Fingertips splayed to tension the skin
right hand guiding across the bridge
a gleam of blades to separate fleece –
music from silence, wrapped up in wool.

The animal listens
accepting the prospect of resolution ahead,
resigned to his practised hands, grip of the thighs
the charm of the music
and caressing of steel.

He stretches his arm out
to reach high notes in third position.
Lanolined leather feet shift softly beneath.
The sheep tips back more to enable the soar
of melody heard only by them.

He lets fall the burden
accustomedly righting the sheep. He arises
to bow for a moment as if in acknowledgement
then straightens – the fleece being lifted
and folded, like music.

The performer resumes
with no pause for applause. He turns
to the next – there are more
many more waiting. So the music contin…

Viral Information

Viral Information




Virus - a word much heard not just at this time of year ('there's a lot of them about') but one that's spilled quasi-metaphorically into other non-biological areas, you might say succeeding virulently... gone viral?
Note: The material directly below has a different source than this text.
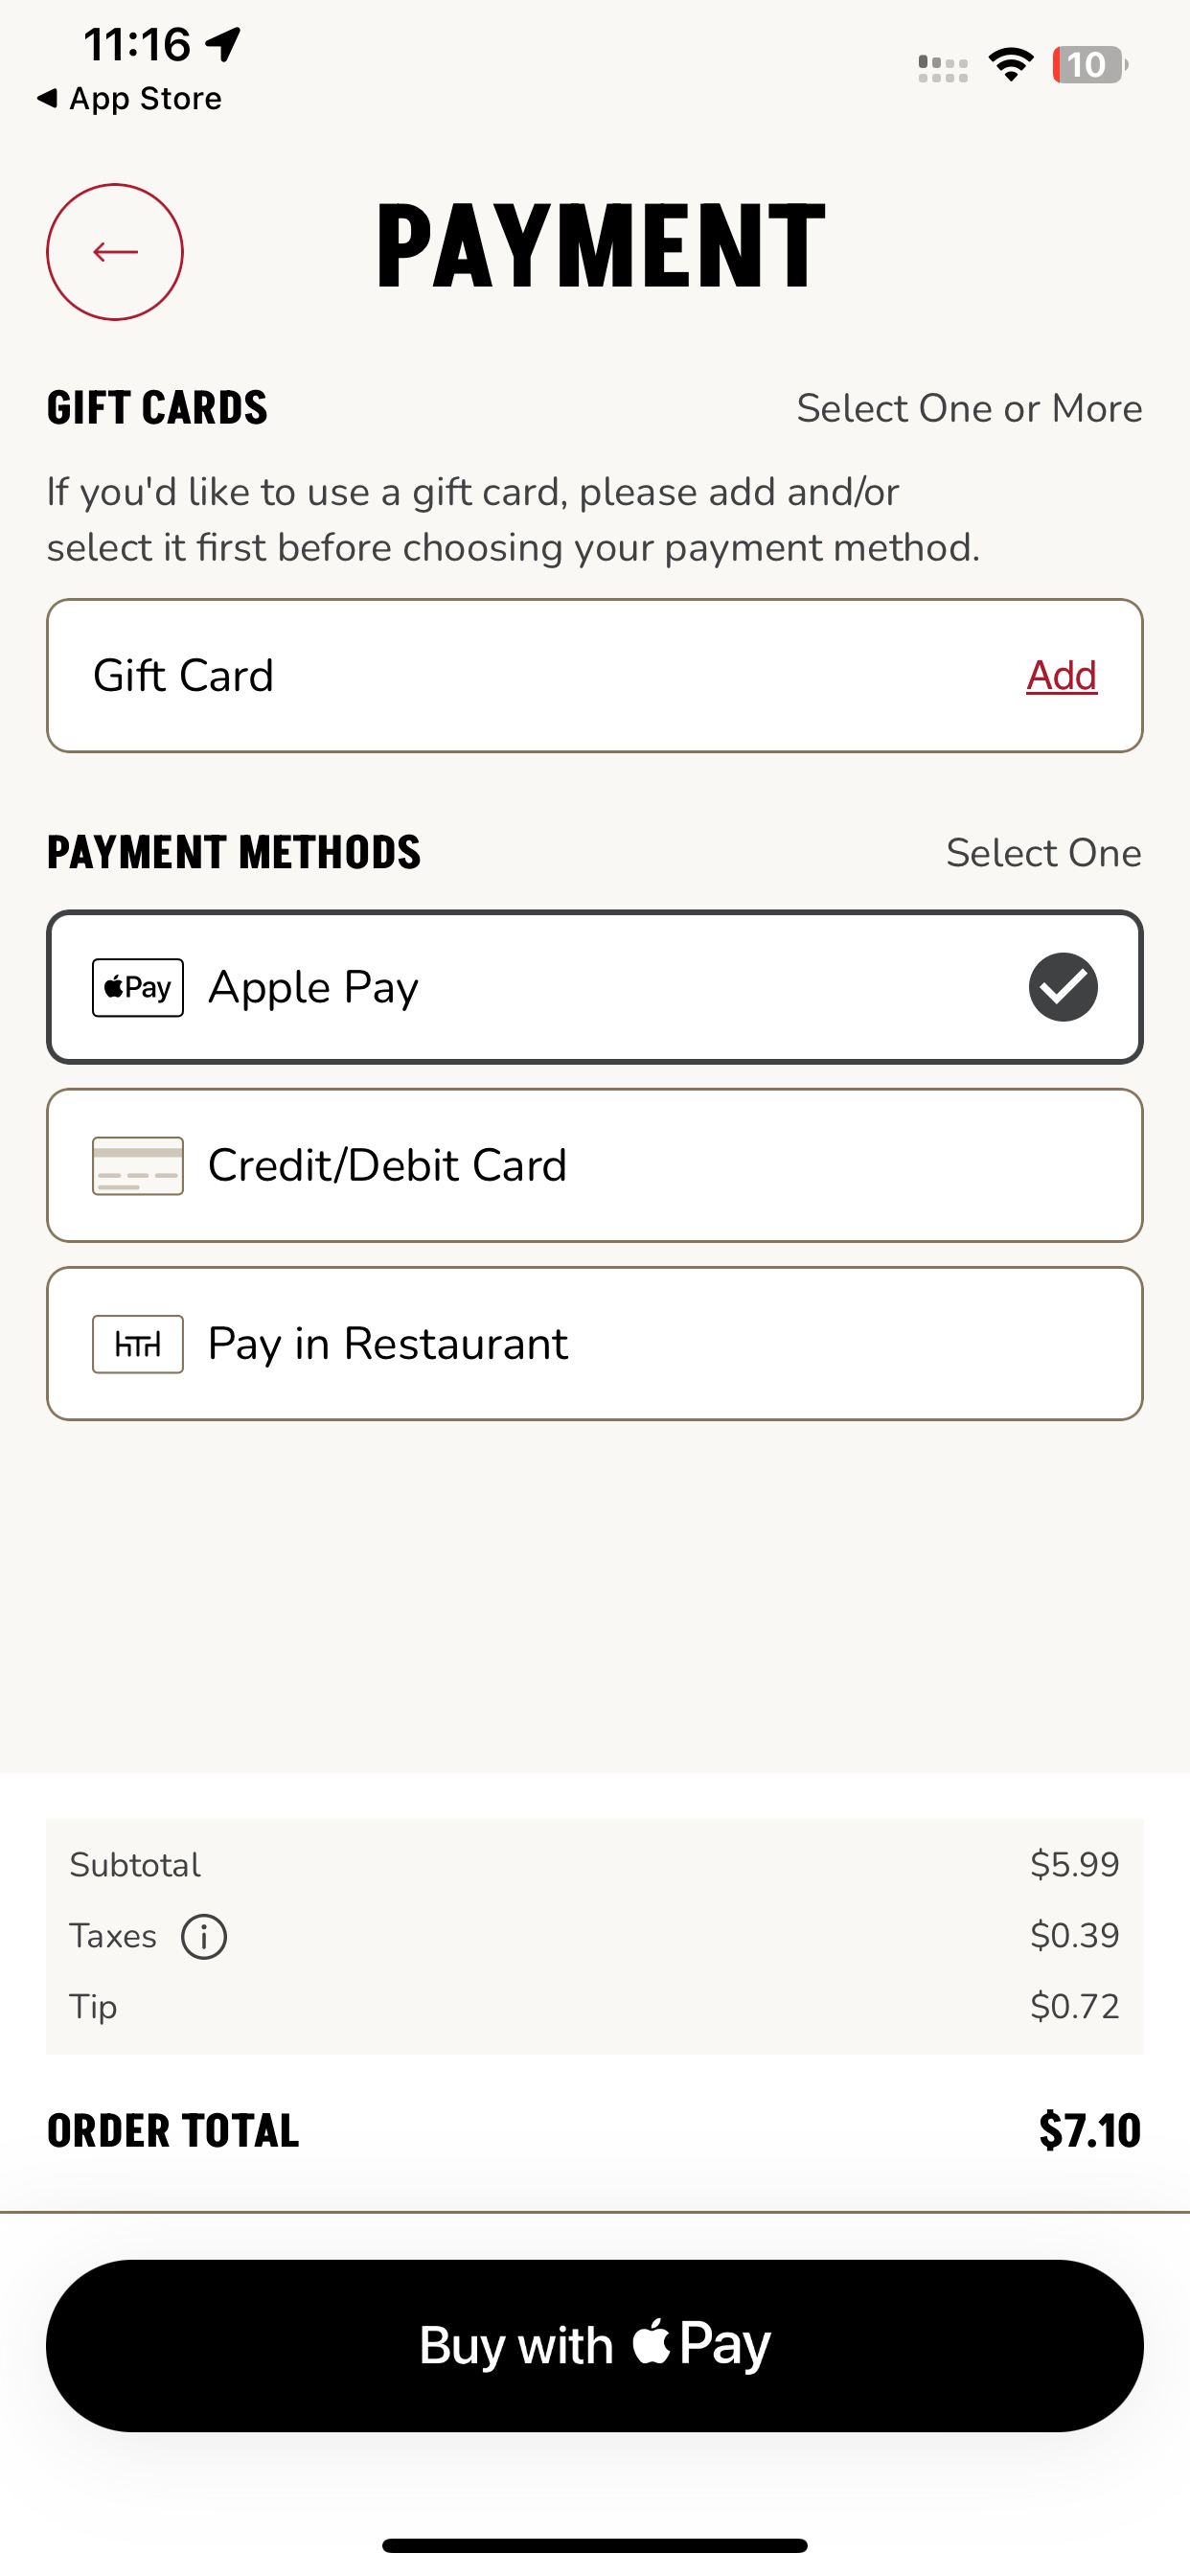 Applebee's accepts Apple Pay in its iOS app.

 But that's what viruses do, and do very well.
Fulfilling only some of the criteria for qualifying for life status, here are strange creatures indeed, not that that's the right word at all - not organism, more construction, set of instructions or even just a programme.  So the use of the word in computer malfunction is hardly metaphorical...
Approaching this extraordinary - but so frequently encountered, so in a way not extraordinary at all -  thing (I find myself reduced to using this rather weak word) that may be represented in (admittedly astronomically colossal) sequences of numbers, with words - all that poetry possesses, however they may be presented - poses problems.